I wonder then, why Sanyo states the capacity of the Eneloop is only 2000mAh, whereas Ansmann states the maxE has 2100 mAh.

If it is re-labelled, it seems more likely to be a re-labelled Uniross Hybrio, which also claims a capacity of 2100 mAh (on the upper right corner of the package backer).

If it is the Hybrio though, Ansmann managed to up the cyle life during the re-labelling process, claiming 1000 for the maxE compared to Uniross' claim of 500 for the Hybrio.

The Ansmann site is also decidedly coy with facts that Sanyo makes readily available, ie: actual charge remaining after 6 months and one year.

Sanyo claims 90% after six months and 85% after one year for the Eneloop; Uniross claims 80% and 70% respectively for the Hybrio.

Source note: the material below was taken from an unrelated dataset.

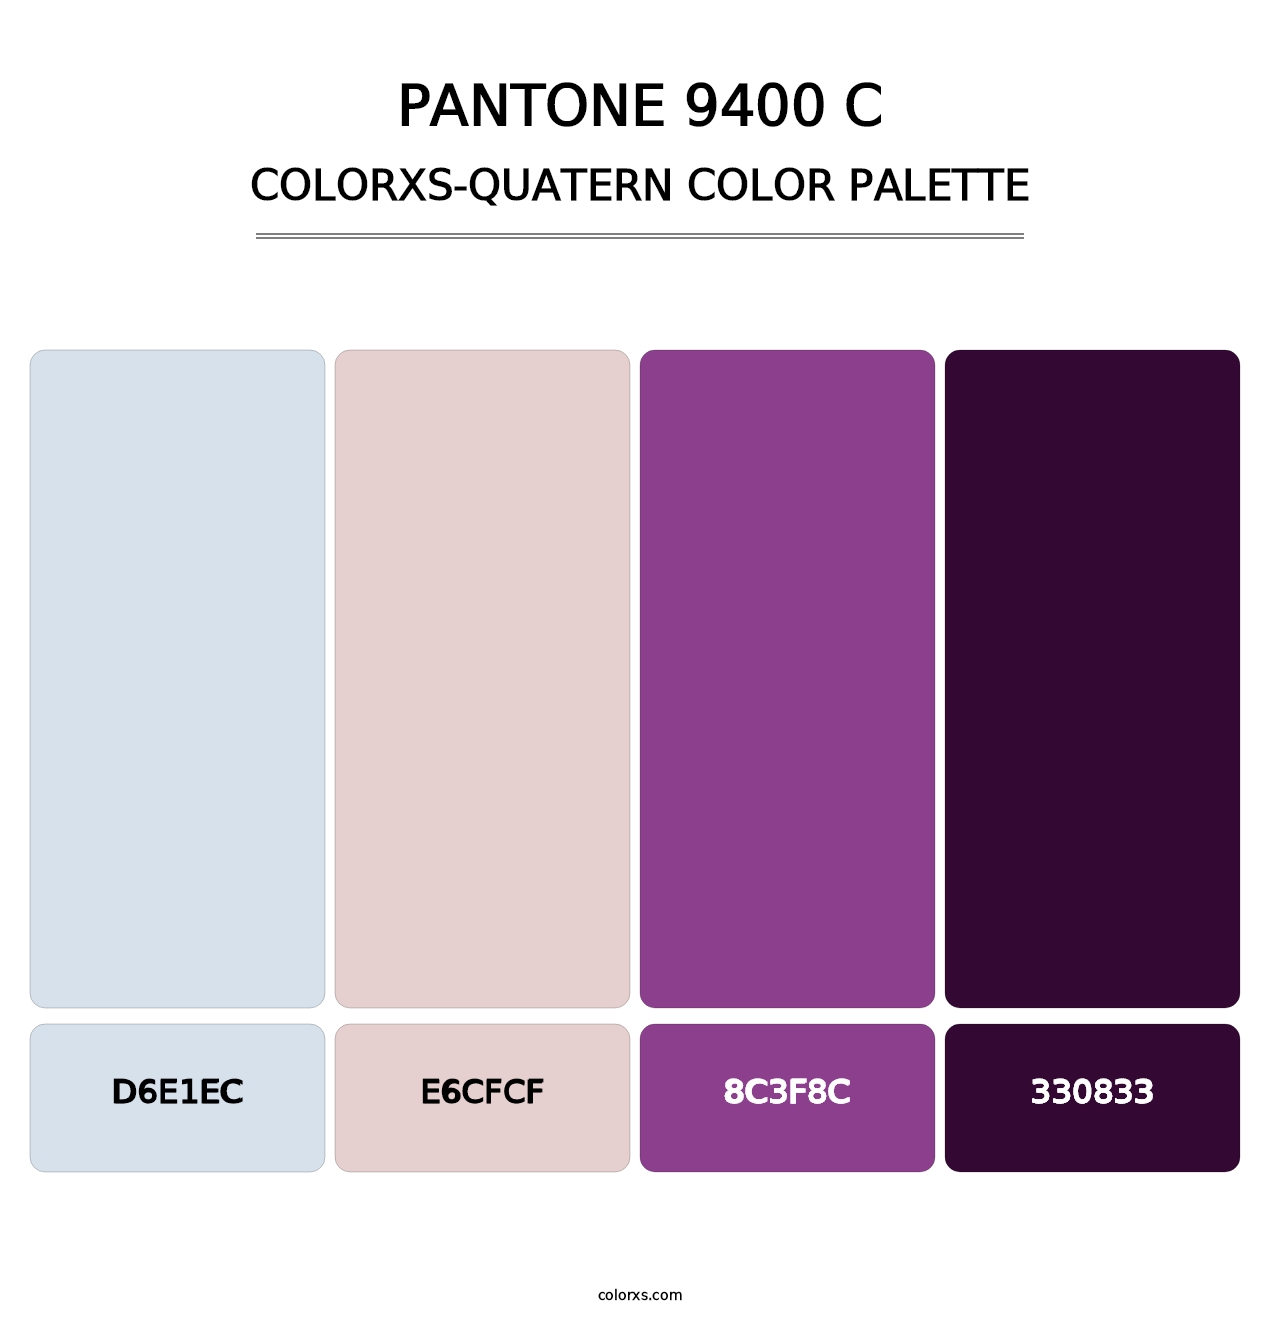 PANTONE 9400 C - Colorxs Quatern Palette

With a higher capacity than the Eneloop, twice the cyle life of the Hybrio, and no indication of the self-discharge rate, the Ansman could be the best of the bunch.

However, I can't seem the quell the suspicion it's a re-labelled Hybrio or Hybrio clone being re-sold by a less ethical company.

Until more information becomes available on the Ansmann maxE, I would go with the majority and get the Eneloops.

If you do decide to get the Ansmann, it would be appreciated if you would share you experiences.


----------



## jirik_cz (Sep 10, 2007)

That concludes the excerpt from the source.